Before your first radiation treatment, you’ll have a session to find exactly where on your body the radiation beam needs to be directed. The process is called simulation. This session may take up to two hours. During this session, you may have imaging tests, such as CT scans or MRI scans. This can help your healthcare providers know the exact spot of your tumor to better aim the radiation. Also at this session, you may have body molds made to help keep you from moving during the treatment. Then, you’ll lie still on a table while a therapist uses a machine to define your treatment field. The field is the exact area on your body where the radiation will be aimed. Sometimes it’s called your port. The therapist may mark your skin with tiny dots of semi-permanent ink. This is so that the radiation will be aimed at the same place each time.
On the days you get radiation, you’ll lie on a table while the machine is placed over you. You may have to wear a hospital gown. It’s a lot like getting an X-ray, only it takes longer. It takes about 15 to 30 minutes to do. You should plan on being there for about an hour, though.

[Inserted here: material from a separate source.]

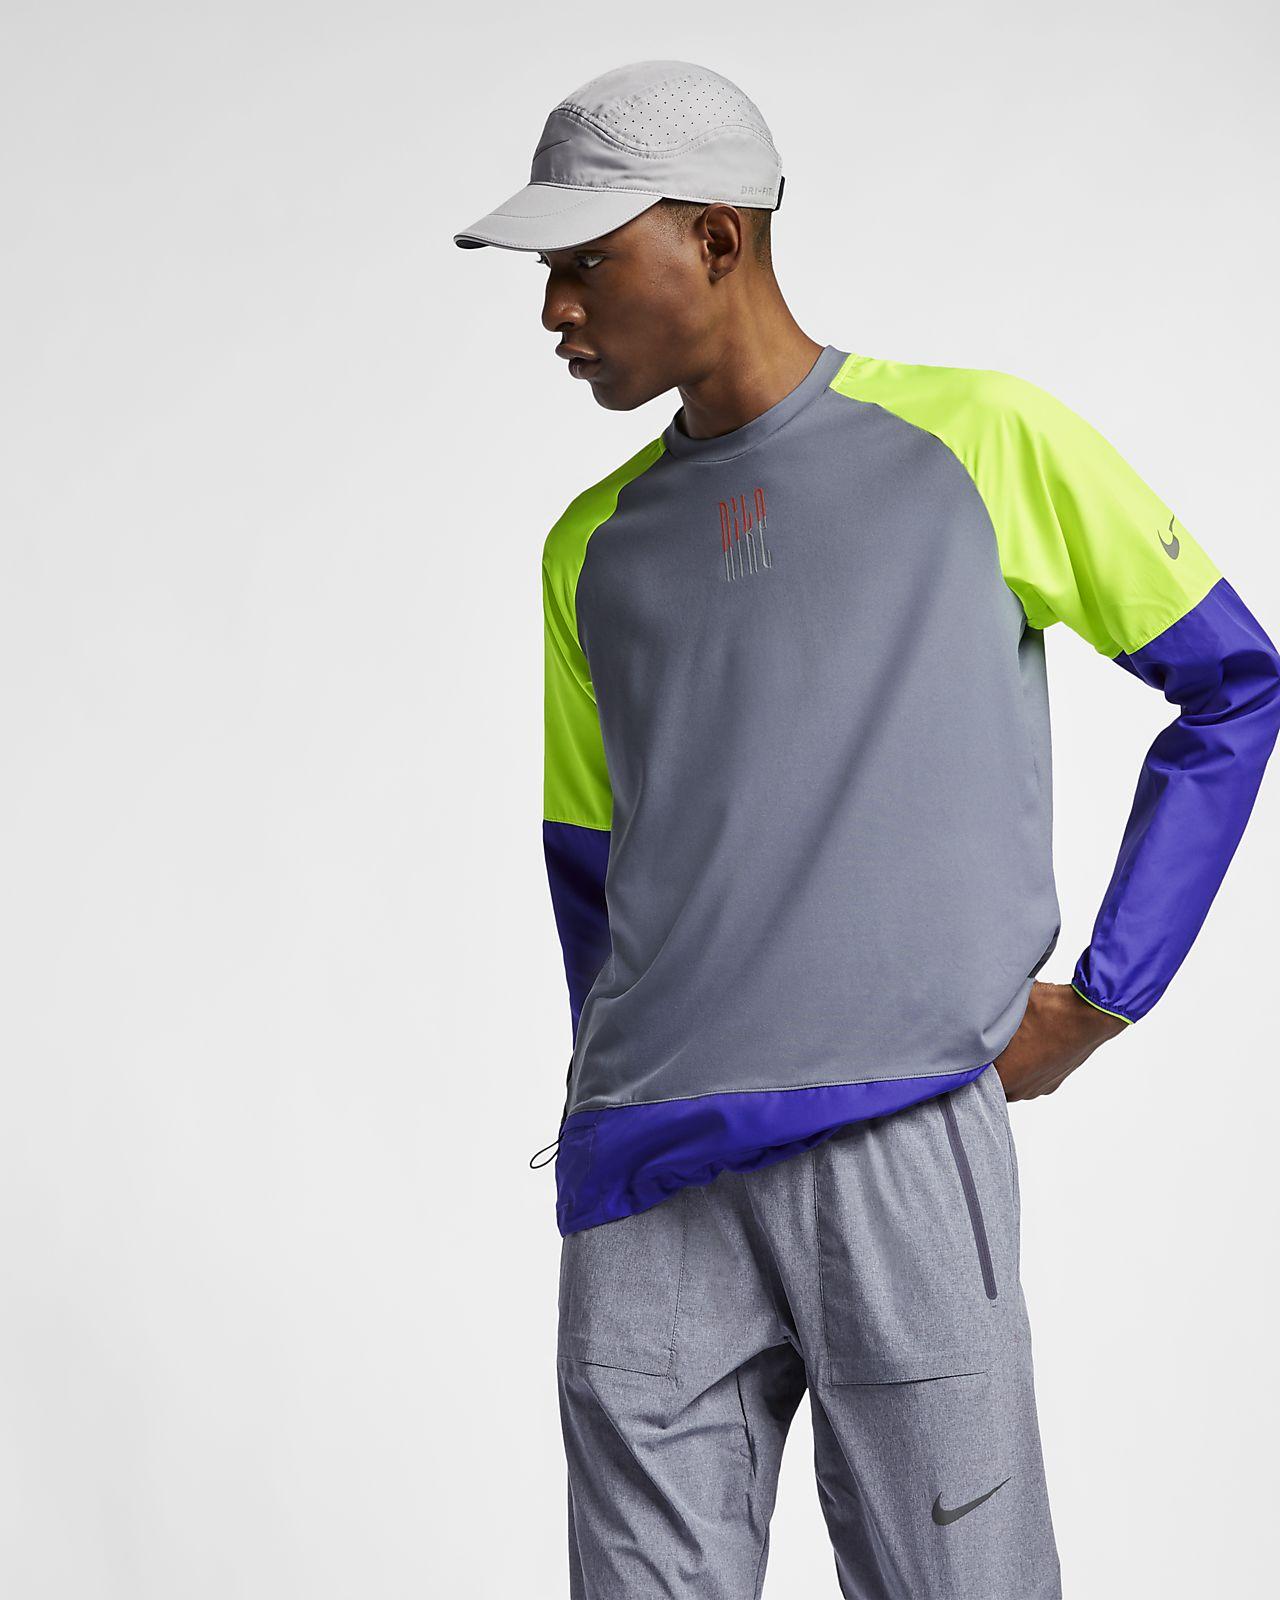 758d1e57ea75 ... online store f5ee9 00b4a Nike langermet løpetrøye til herre

At the start of the session, a radiation therapist may place blocks or special shields to protect parts of your body that don’t need to be exposed to radiation. The therapist then lines up the machine so that radiation is directed to the spot that was marked during the simulation. When you’re ready, the therapist leaves the room and turns the machine on. You may hear whirring or clicking noises, like the sounds of a vacuum cleaner, while it’s is being given. During the session, you’ll be able to talk to the therapist over an intercom. You can’t feel radiation, so it will be painless. You won’t be radioactive afterward.
Because radiation affects normal cells as well as cancer cells, you may have some side effects from it. The side effects from radiation are often limited to the area being treated. Some people have few or no side effects. If you have them, your healthcare provider may change the dose of your radiation or how often you get treatment. Or he or she may hold off treatment until the side effects clear up. Tell your healthcare provider about any side effects you have.
Common side effects of radiation include:
Skin irritation or changes in the areas on your skin that get radiation
Nausea or diarrhea
Loss of appetite
Low blood counts
If you have any of these side effects, ask your healthcare provider how to deal with them. Ask how to know when they become serious. These side effects often go away a few weeks after you stop treatment.